They scuttled around like crabs, some in the rigging, some washing the deck, and other doing a whole lot of nothing. It might have been the heat, but Jack was certain that he’d been in this strangeness before. He peered over the edge of his ship and saw water, so was not in the Locker again.
Jack had been looking for something, but what was it? He checked his belt for his compass and found that it was gone, just like the last twenty times he’d looked for it. If he didn’t have his compass, how was he supposed to remember what kind of treasure he’d been after?
His entire ship wavered like heat coming off desert sand, then vanished, leaving him on a tiny boat under the scorching Caribbean sun.
“Damn,” he croaked softly.
He was going to need a ship that was more reliable if he planned on doing any kind of pillaging… He couldn’t be in the middle of a raid on some port and have both his crew and his ship disappearing like smoke in the wind. Jack would become the laughing stock of the whole Caribbean.
Wasn’t he standing just a moment ago? When had he taken up a completely prone position on the base of this tiny dinghy? If he ever saw a dinghy ever again, it would be too soon.
He reached up slowly to pull his hat further down over his eyes, but his hand shook slightly. It really had been acting up the past few days.
Exactly how many days had it been since Barbossa kicked him off the Pearl?

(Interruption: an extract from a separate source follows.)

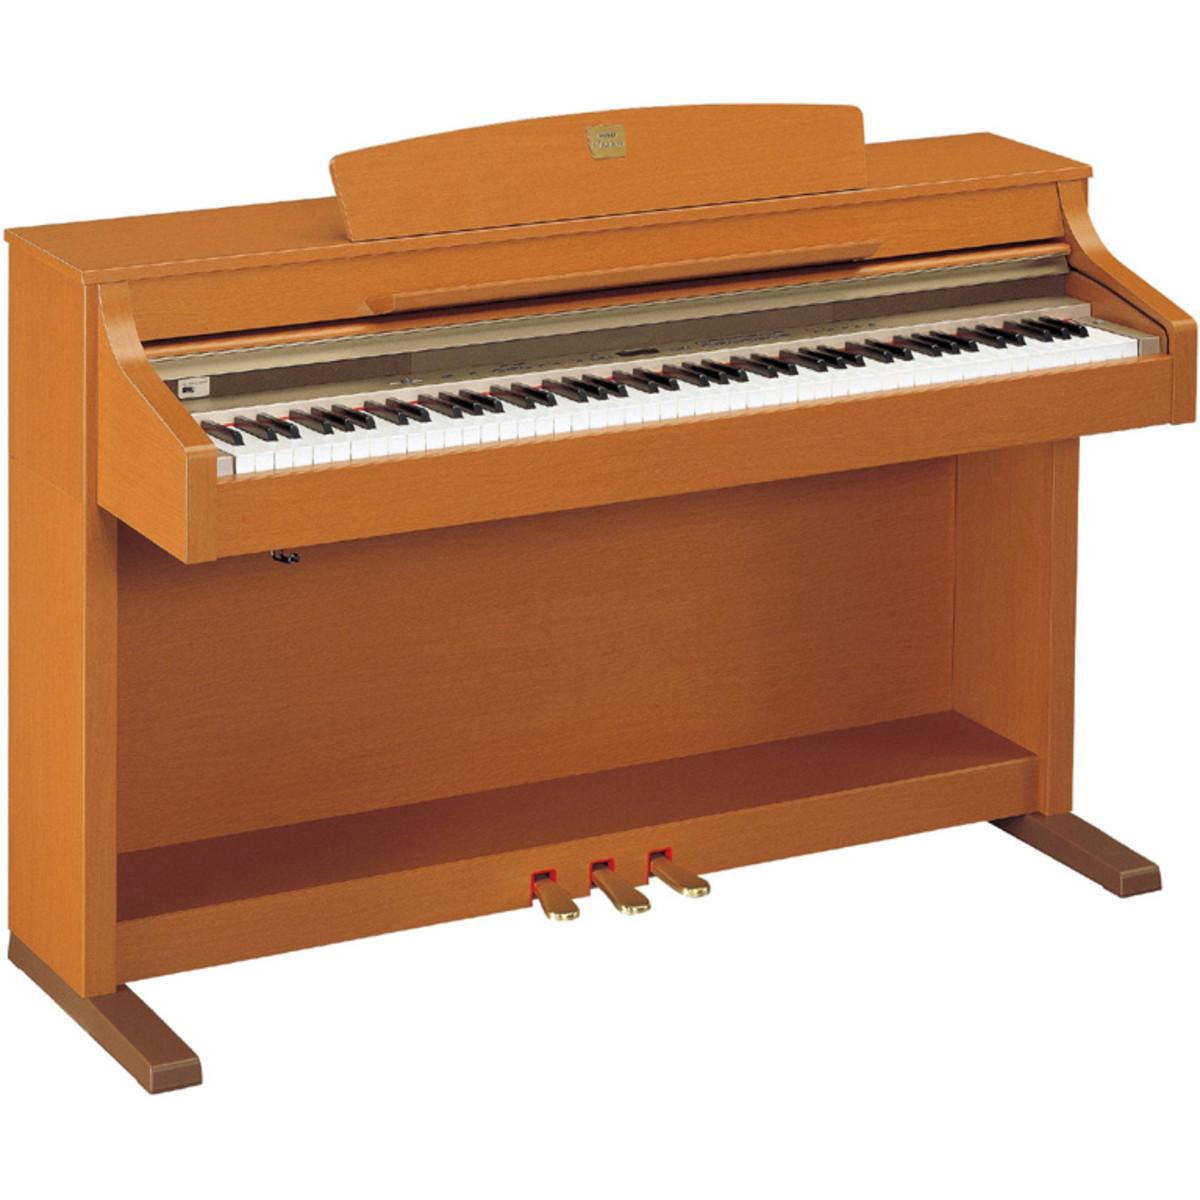 Disc yamaha clavinova clp330c cherry at for Yamaha dgx640c digital piano cherry

Jack couldn’t recall. On the second day, he’d found a small stash of food under the supporting planks of the dinghy, hopefully put there by someone on the Pearl who actually liked him. There had even been a bottle of rum (not the empty one) that had been thoughtfully provided, but he’d burned through all of that some time ago. Hunger had really ceased to be an issue because his stomach had given up on him about the third day it hadn’t received sustenance.
Jack turned his eyes slowly to the old rum bottle. In a moment of madness, he’d filled it with seawater, but never had gone crazy enough to drink it. Any pirate worth his salt knew better than to drink seawater. Although, when one was really desperate…
When he returned his gaze to the open ocean, it was blocked by a strangely familiar body.
There was no way that the whelp had arrived on his dinghy so randomly; Will was off dropping the tart in Port Royal. So, that left only one option… he was an illusion conjured by Jack’s very desperate mind.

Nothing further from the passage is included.